An international team of scientists reports creating a type of germanium that is superconducting, capable of conducting electricity with zero resistance, allowing currents to flow indefinitely without energy loss, in a recently published paper in the journal Nature Nanotechnology. This results in increased operational speed that uses less energy.

According to New York University physicist Javad Shabani, director of NYU's Center of Quantum Information Physics and the university's recently formed Quantum Institute, one of the paper's authors, establishing superconductivity in germanium, which is already widely used in computer chips and fiber optics, could revolutionize scores of consumer goods and industrial technologies.

These materials could serve as the foundation for future quantum circuits, sensors, and low-power cryogenic electronics, all of which require clean interfaces between superconducting and semiconducting regions, according to Peter Jacobson, a physicist at the University of Queensland and one of the paper's authors. Since germanium is already a workhorse material for advanced semiconductor technologies, it is now possible to create scalable, foundry-ready quantum devices by demonstrating that it can also become superconducting under regulated growth conditions.
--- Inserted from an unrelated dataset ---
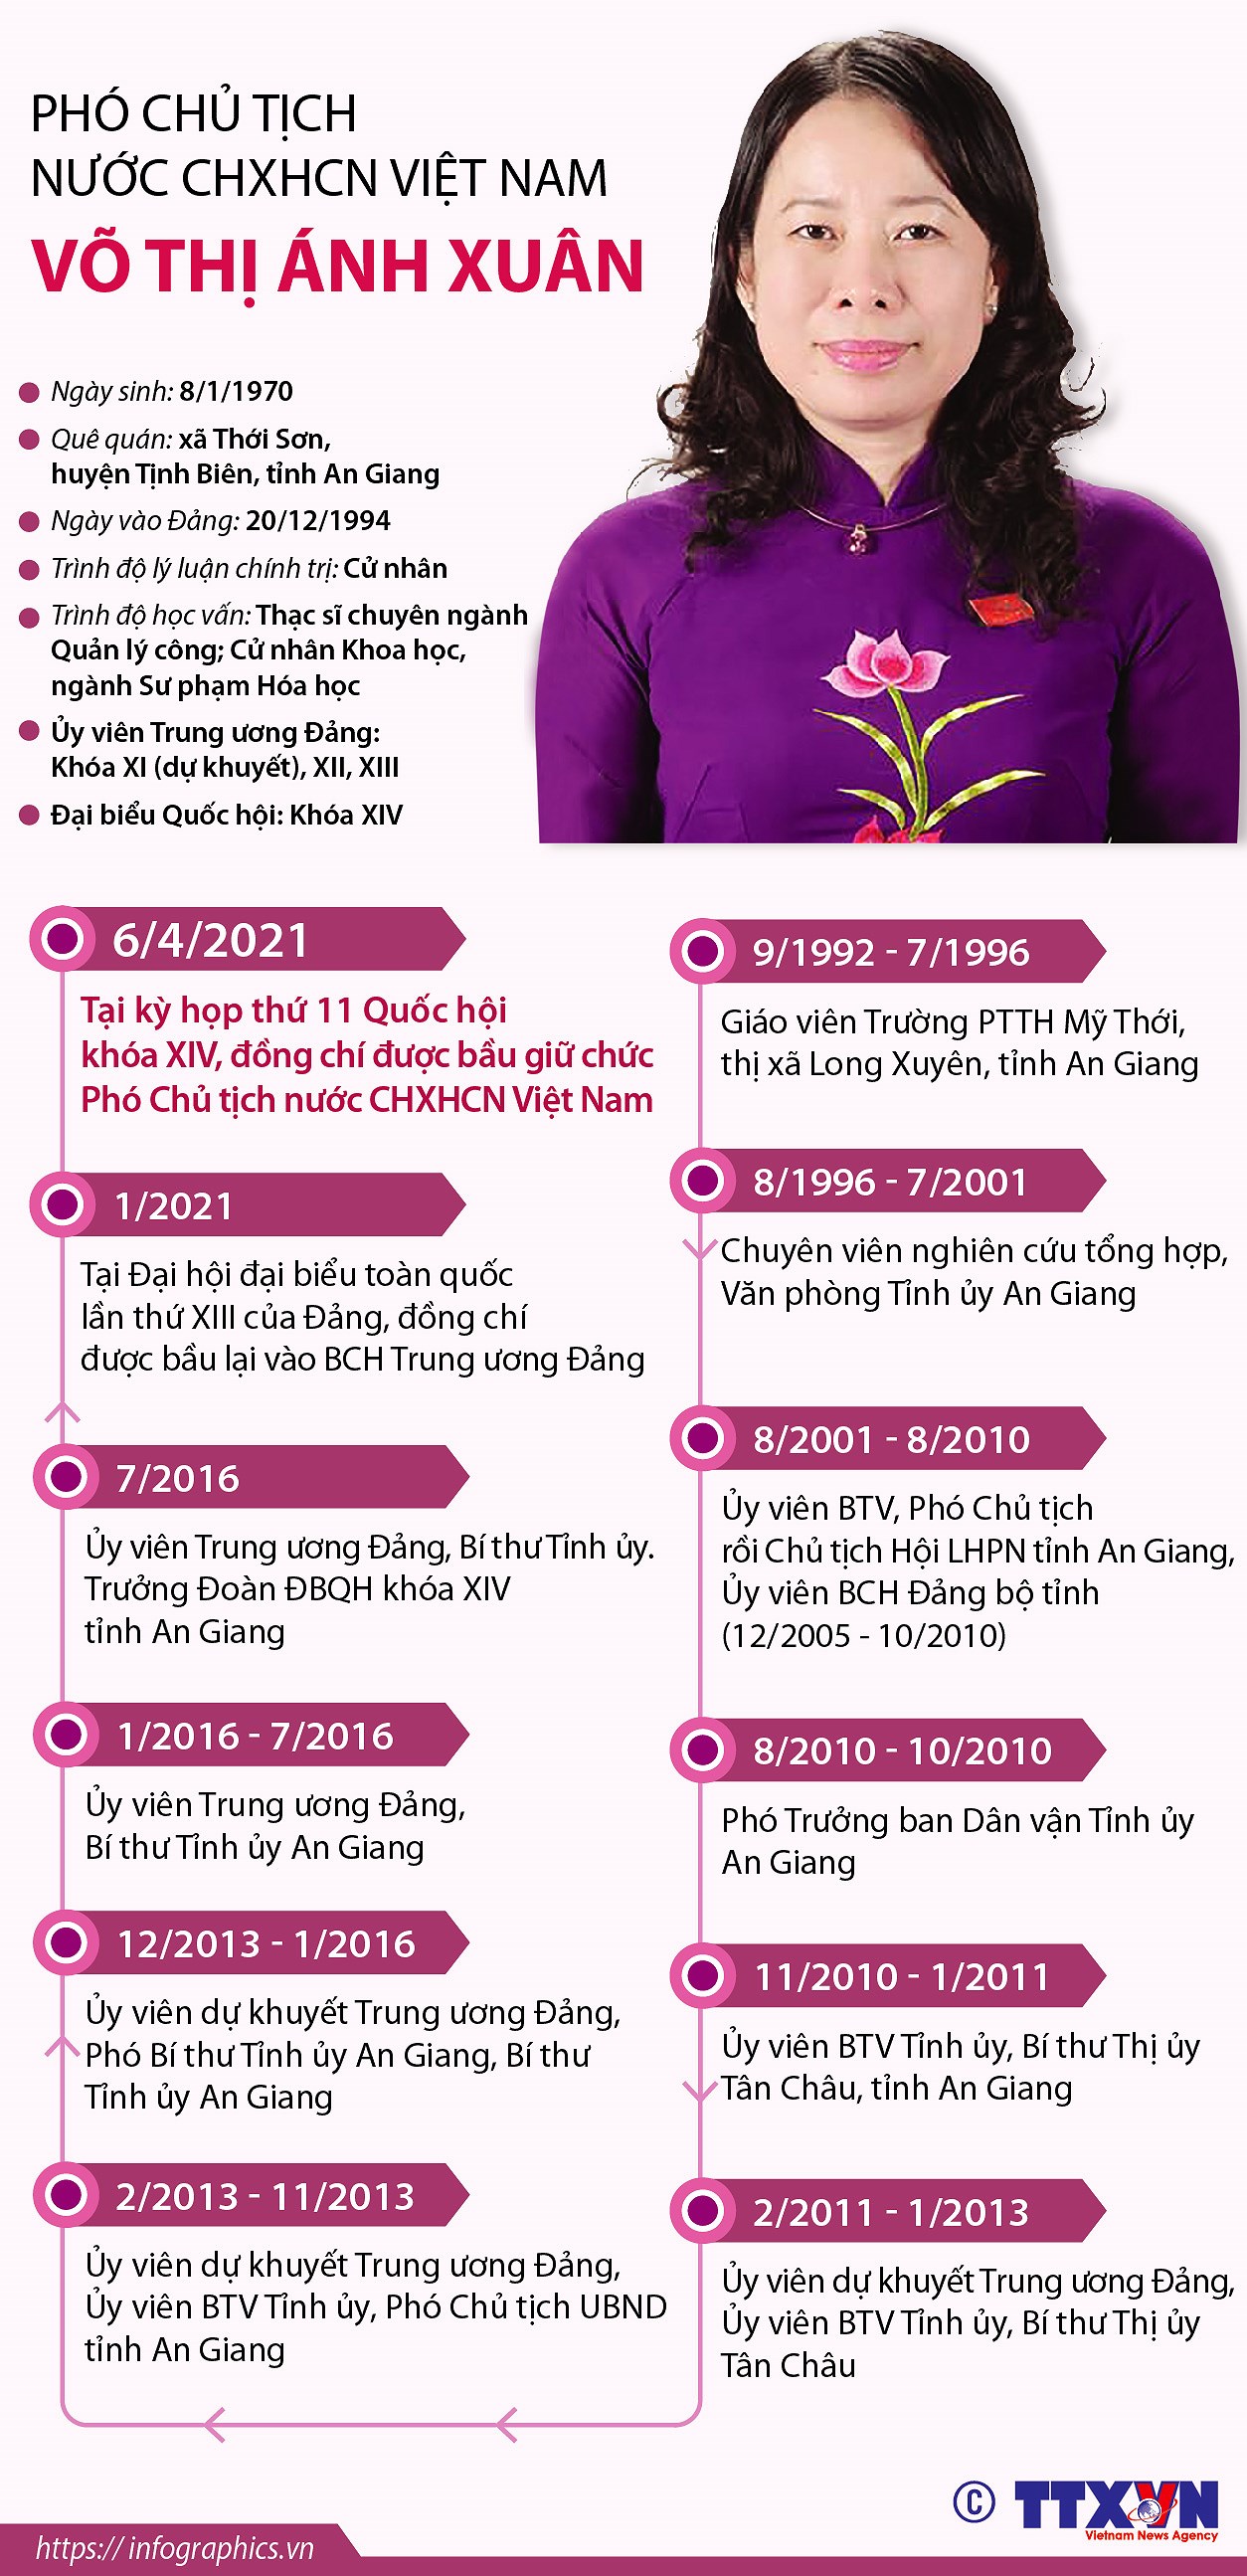 [Infographics] Pho Chu tich nuoc CHXHCN Viet Nam Vo Thi Anh Xuan hinh anh 1

Group IV elements are valued for their flexibility and durability because they have properties halfway between those of metals and insulators. These qualities also make semiconductor materials like silicon and germanium valuable. To achieve superconductivity in these materials, conducting electrons that couple and travel without resistance must be added through structural modification, which is a challenging atomic-level procedure. In a paper published in Nature Nanotechnology, researchers produced germanium films that were extensively doped with gallium, a procedure that often causes the crystal to become unstable. But by forcing gallium atoms to replace germanium atoms at abnormally high numbers using sophisticated X-ray techniques, scientists stabilized the structure while significantly deforming it. The result is superconductivity at 3.5 Kelvin (−453°F).